Type 1 Gaucher Disease Clinical Trial
Official title:
A MULTICENTER, OPEN LABEL, PHARMACOKINETICS, PHARMACODYNAMICS AND SAFETY STUDY OF ELELYSO(TM) (TALIGLUCERASE ALFA) IN PEDIATRIC SUBJECTS WITH TYPE 1 GAUCHER DISEASE
In August of 2014, the FDA approved ELELYSO for long-term enzyme replacement therapy (ERT)
for pediatric subjects with a confirmed diagnosis of Type 1 Gaucher disease. The recommended
dosage for treatment-naïve adult and pediatric subjects 4 years of age and older is 60 units
per kg of body weight administered every other week as a 60 to 120 minute intravenous
infusion. As a postmarketing commitment, the Sponsor agreed to evaluate the pharmacokinetics
(PK), pharmacodynamics (PD), and safety of Elelyso (taliglucerase alfa) in pediatric subjects
with Type 1 Gaucher Disease. in at least 5 subjects with body weight less than 15 kg; at
least 5 subjects with body weight 15 to less than 20 kg; and at least 5 subjects with body
weight of 20-25 kg with Type 1 Gaucher disease dosed at 60 units/kg every other week.
When applicable, PD measurements for children enrolled in the PK study may be obtained
through the taliglucerase alfa registry (PMR 1895-5) and will include organ volumes (spleen
and liver), hematological values (hemoglobin and platelets) as well as growth (height and
weight) data. Safety data, including any serious hypersensitivity reactions, such as
anaphylaxis, as well as changes in antibody status (ie, detection and titers of binding and
neutralizing antibodies, and detection of IgE antibodies), will also be collected through the
taliglucerase alfa registry.
This study (B3031003) is an open-label study in pediatric subjects with Type 1 Gaucher
Disease to characterize PK, PD and safety following an infusion of taliglucerase alfa in at
least 5 subjects with body weight less than 15 kg; at least 5 subjects with body weight 15 to
less than 20 kg; and at least 5 subjects with body weight of 20-25 kg. The PK sample
collection will take approximately 4 hours to complete and will be performed one month or up
to 6 months after the subject's first taliglucerase infusion in the registry study. The
subject will be contacted the day after the PK samples are collected to assess any continuing
or new adverse events and to review the subject's concomitant medications. Body weight at the
time of the PK blood draw will determine the weight category for each subject. Subjects
enrolled into the study will be assigned the same unique subject number assigned to them in
the registry study (B3031002). This will allow linkage to relevant data from the registry
study for analysis in this study.
For the purposes of this study, baseline evaluations will be obtained from the registry study
and must be performed prior to the subject's first dose of taliglucerase alfa. The Month 6
and Month 12 evaluations will be performed 6 months and 12 months after the start of
taliglucerase alfa treatment, respectively.
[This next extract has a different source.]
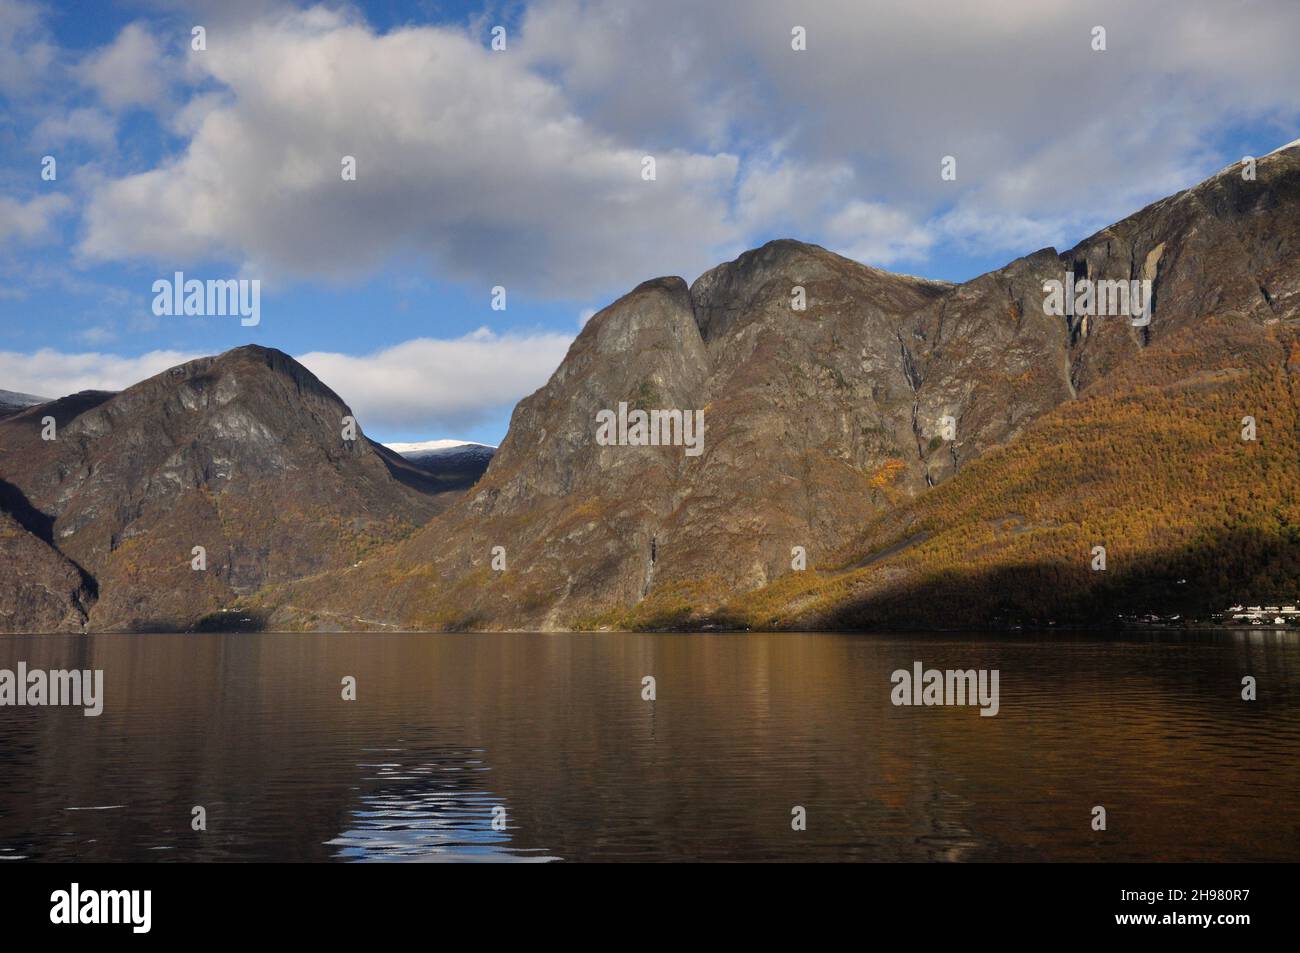 Der Aurlandsfjord bei Flam in Norwegen bietet ein umwerfendes Naturschauspiel und lässt die Seele zur Ruhe kommen. Stock Photo

Subjects will be eligible for the PK study (B3031003) only if the PD assessments (spleen
volume/size, hemoglobin/platelet counts and height/weight measurements) immunogenicity data
and Gaucher disease diagnostic history are available from the registry study baseline visit
and prior to the start of taliglucerase alfa treatment. If liver volume/size is available, it
will also be analyzed but is not necessary for eligibility for the PK study.
Pediatric subjects prescribed 60 units/kg of taliglucerase alfa every other week by their
physician will be recruited from the registry study. Subjects can be screened for the PK
study at the same time as they are enrolled into the registry study (ERT treatment-naïve
subjects) or up to 6 months after they are enrolled into the registry study (previously ERT
naïve subjects) if PD assessments (spleen volume/size, hemoglobin/platelet counts and
height/weight measurements), immunogenicity data and Gaucher disease diagnostic history
(residual enzyme activity and genotype data) were performed at baseline of the registry study
and prior to the start of taliglucerase alfa treatment.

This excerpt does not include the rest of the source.